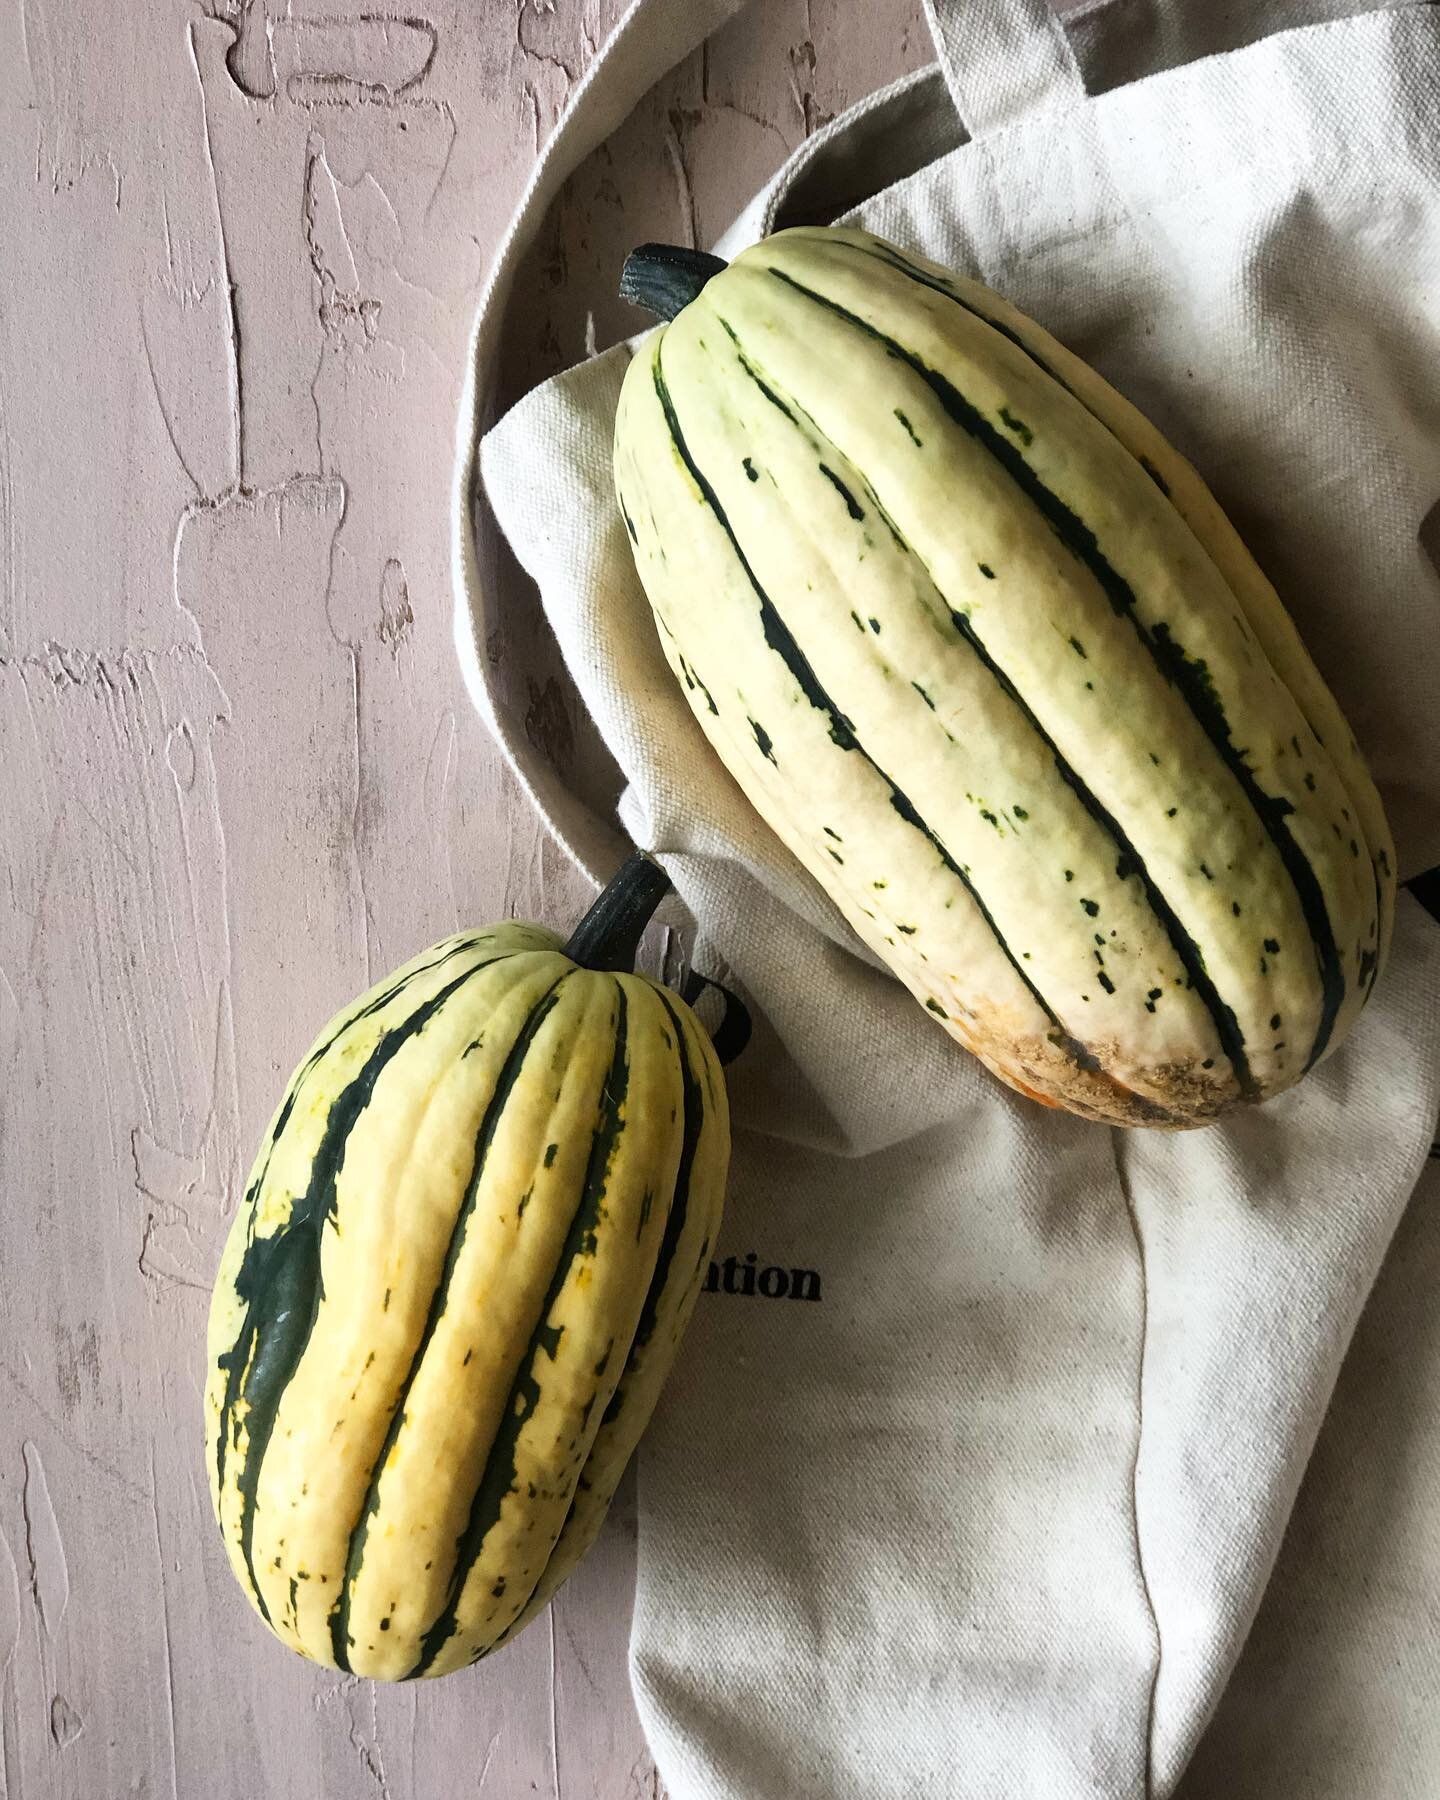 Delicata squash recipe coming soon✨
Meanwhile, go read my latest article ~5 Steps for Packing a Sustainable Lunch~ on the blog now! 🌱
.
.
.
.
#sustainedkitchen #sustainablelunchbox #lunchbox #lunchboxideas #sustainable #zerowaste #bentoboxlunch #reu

• • • • • • •

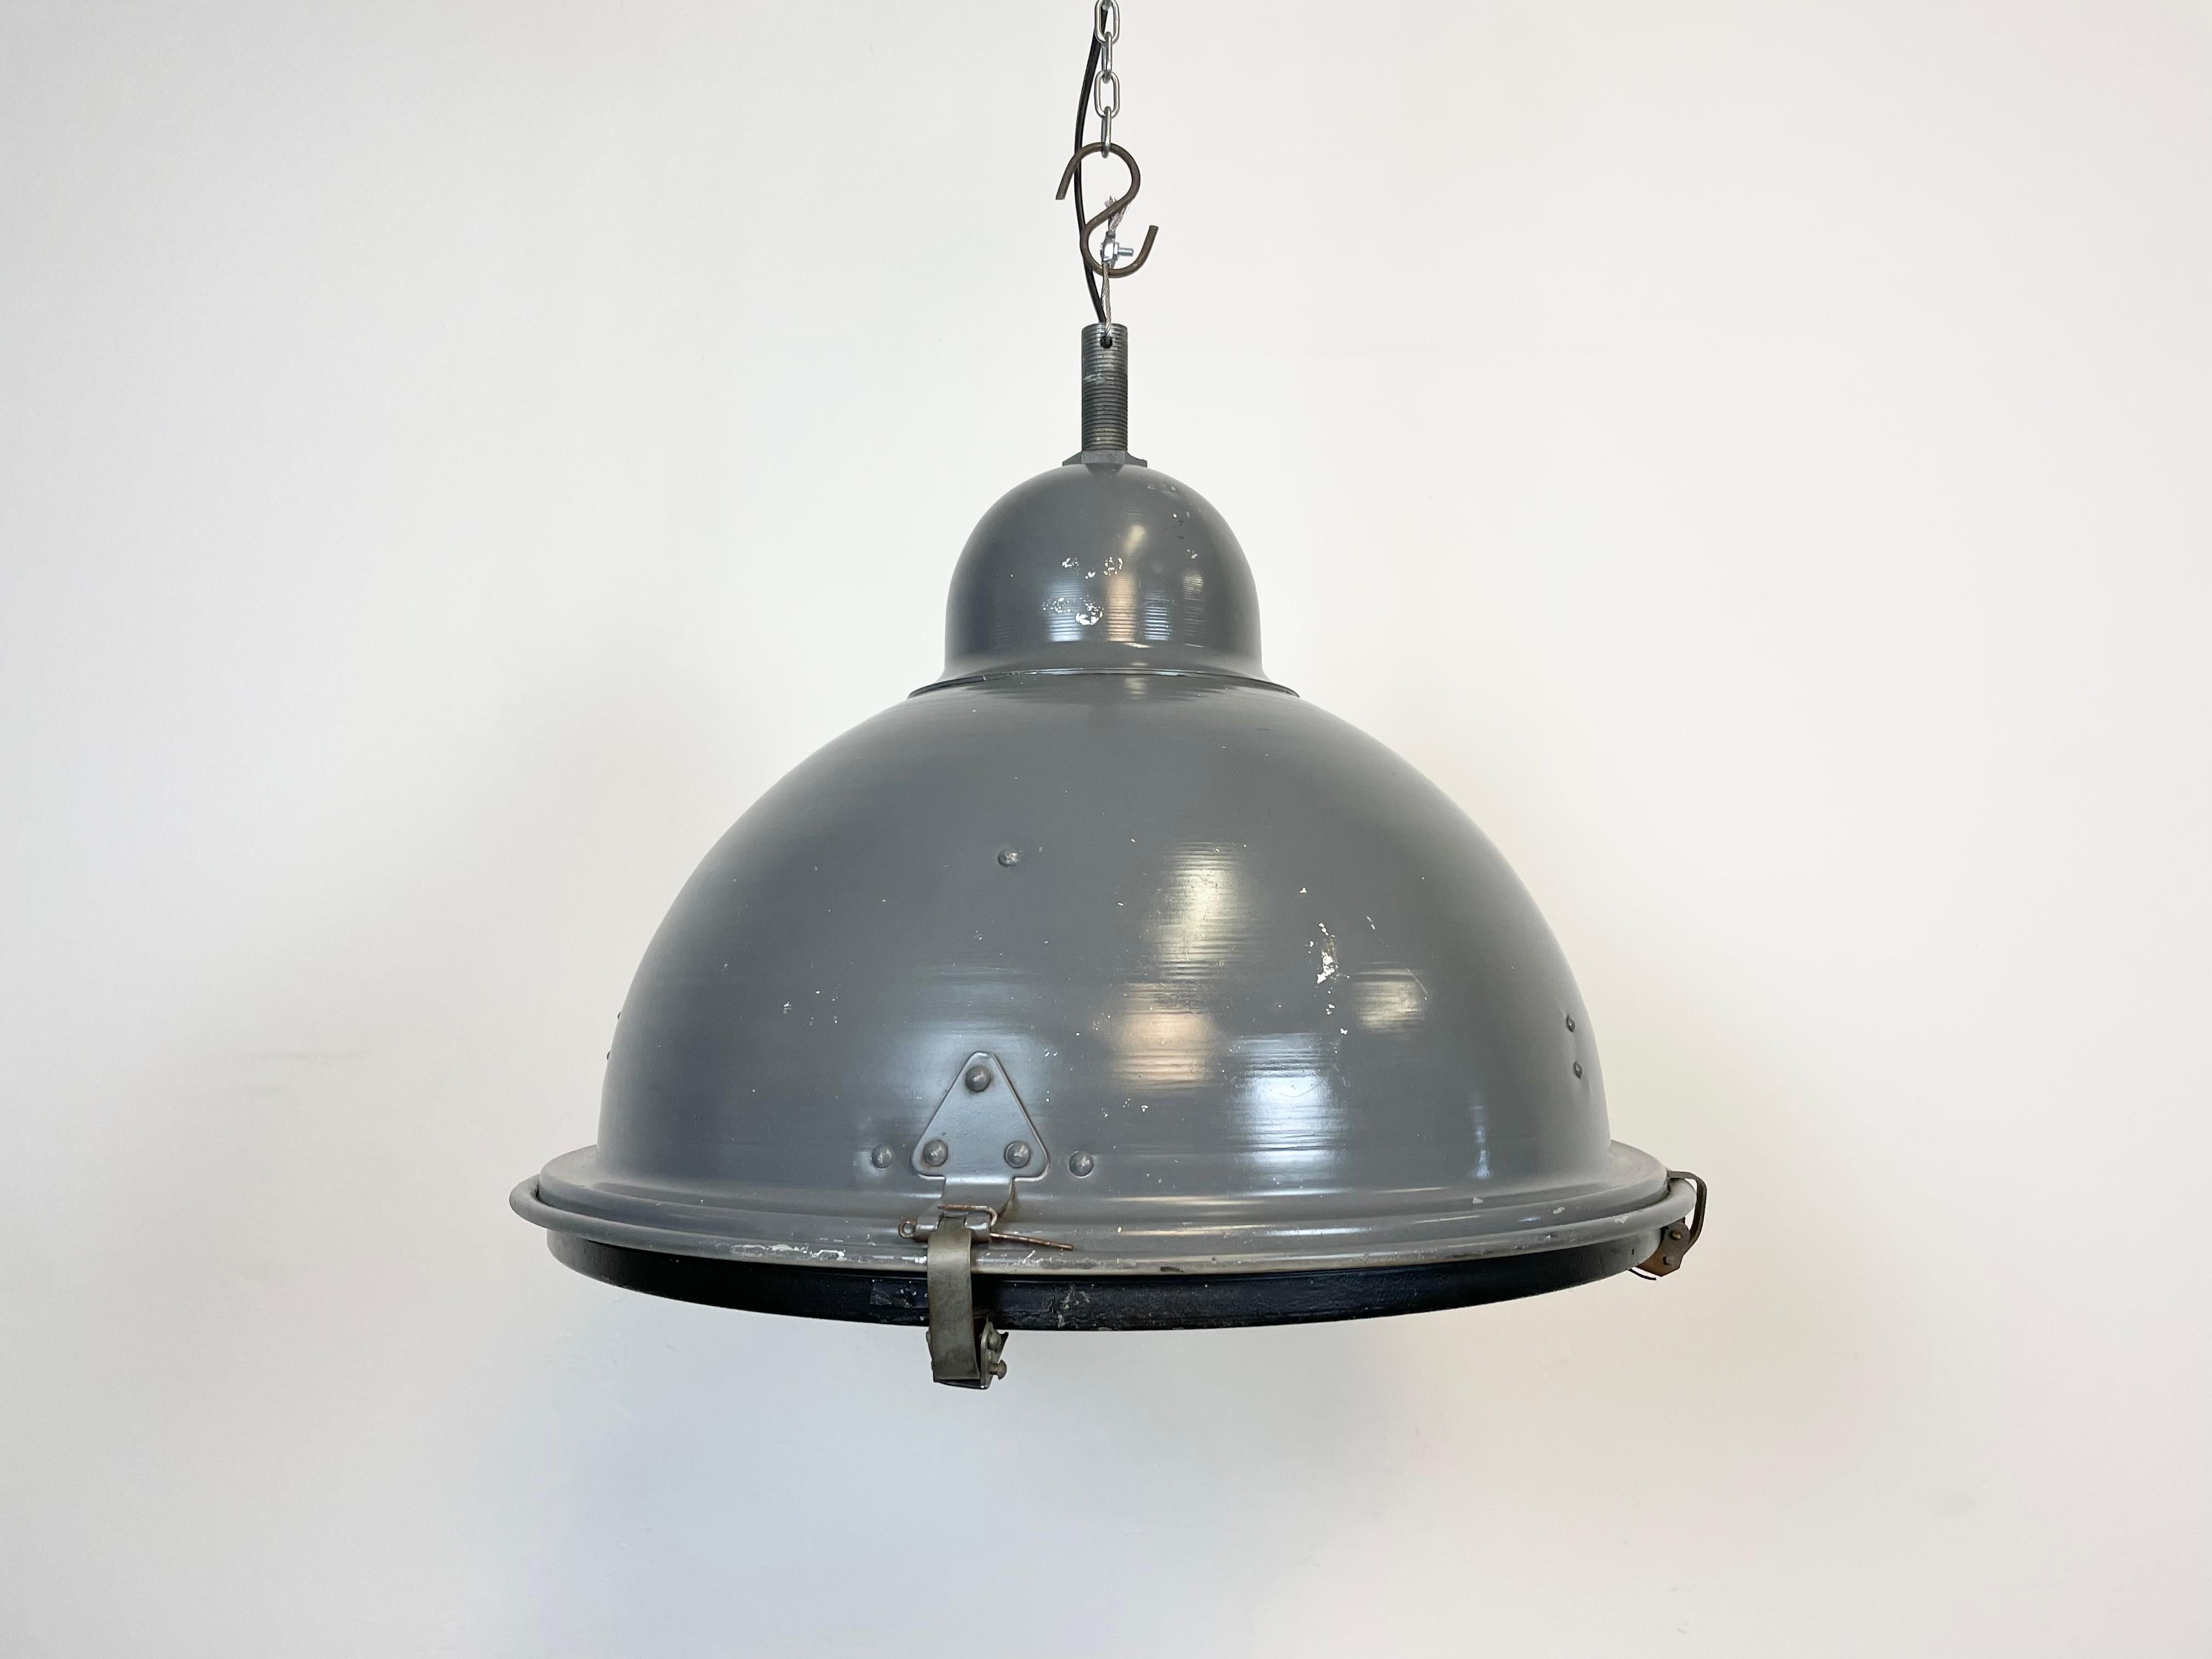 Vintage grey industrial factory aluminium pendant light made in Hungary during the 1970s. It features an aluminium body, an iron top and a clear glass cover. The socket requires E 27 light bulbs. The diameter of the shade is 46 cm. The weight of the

• • • • • • •

Exercise prompt>
Look above for the line with "Delicata squash recipe coming soon✨", then print it and each line after it down to and including the line with "#sustainedkitchen #sustainablelunchbox #lunchbox". Leave out the pictures and keep the wording exact.

Output for this exercise>
 Delicata squash recipe coming soon✨
Meanwhile, go read my latest article ~5 Steps for Packing a Sustainable Lunch~ on the blog now! 🌱
.
.
.
.
#sustainedkitchen #sustainablelunchbox #lunchbox #lunchboxideas #sustainable #zerowaste #bentoboxlunch #reu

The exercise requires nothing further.